**Task details**
Pictures in the data below are not part of the copy; transcribe everything else exactly.

**Dataset extract**
------------------------------------------------
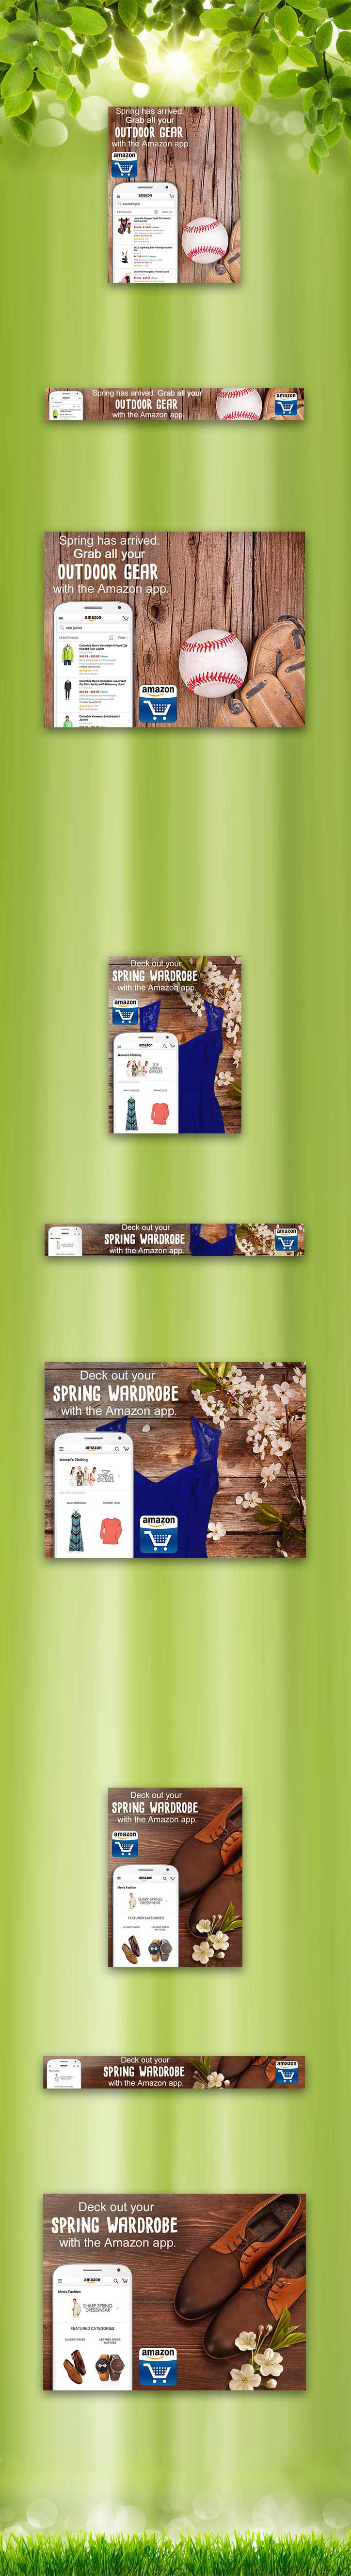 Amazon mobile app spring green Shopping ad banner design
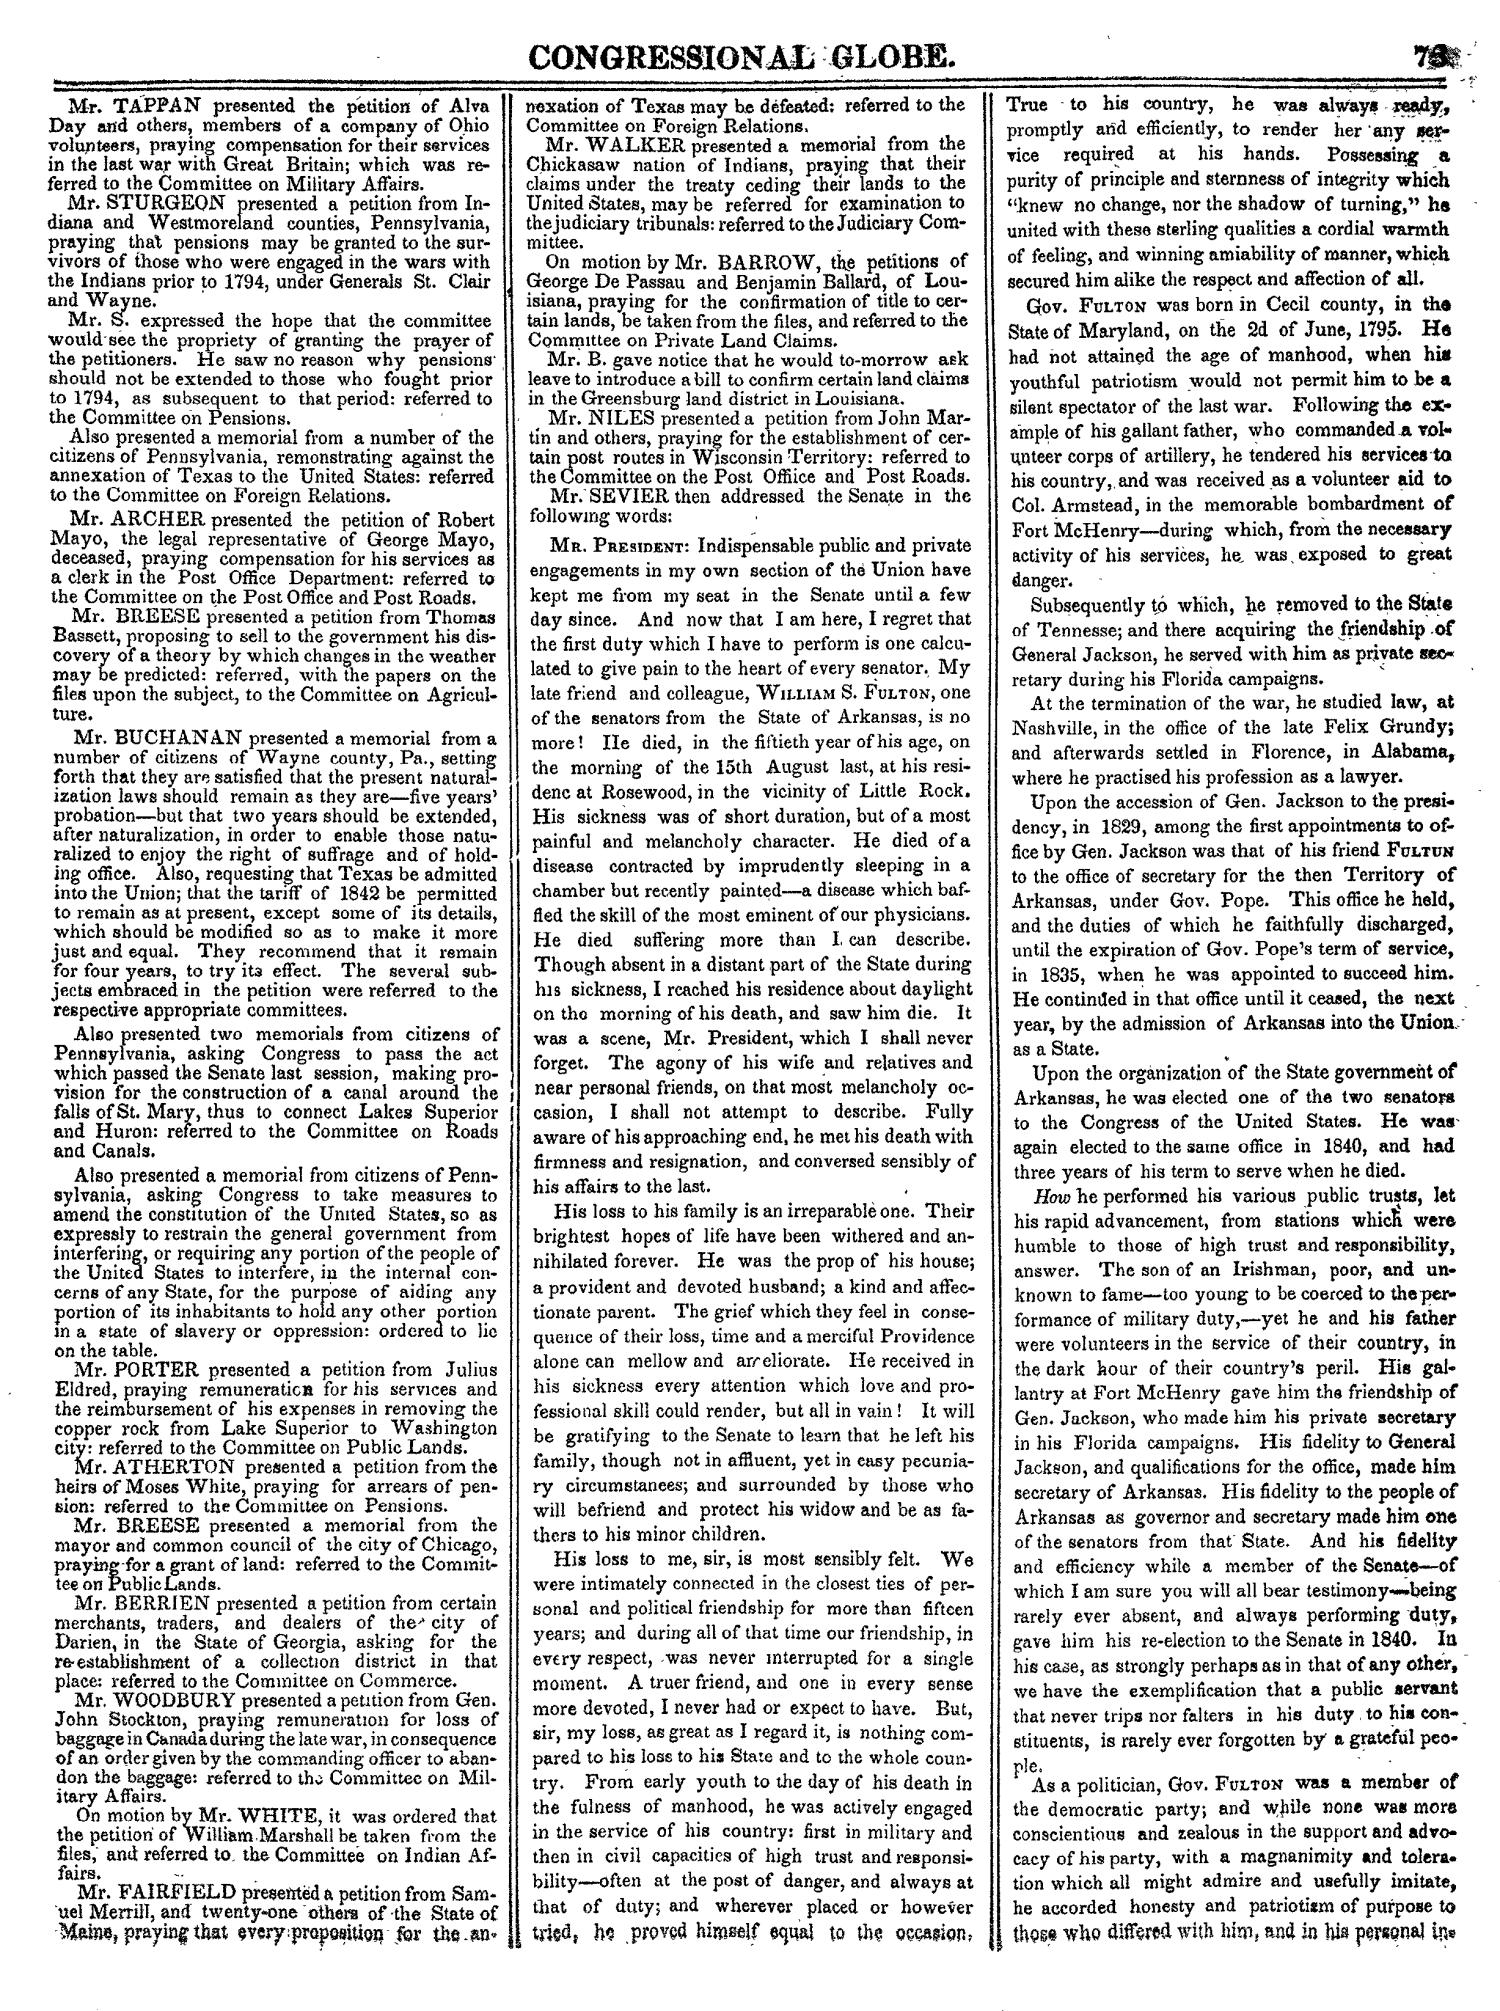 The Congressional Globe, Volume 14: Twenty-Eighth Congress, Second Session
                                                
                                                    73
------------------------------------------------
**Your response**
 Amazon mobile app spring green Shopping ad banner design
 The Congressional Globe, Volume 14: Twenty-Eighth Congress, Second Session
                                                
                                                    73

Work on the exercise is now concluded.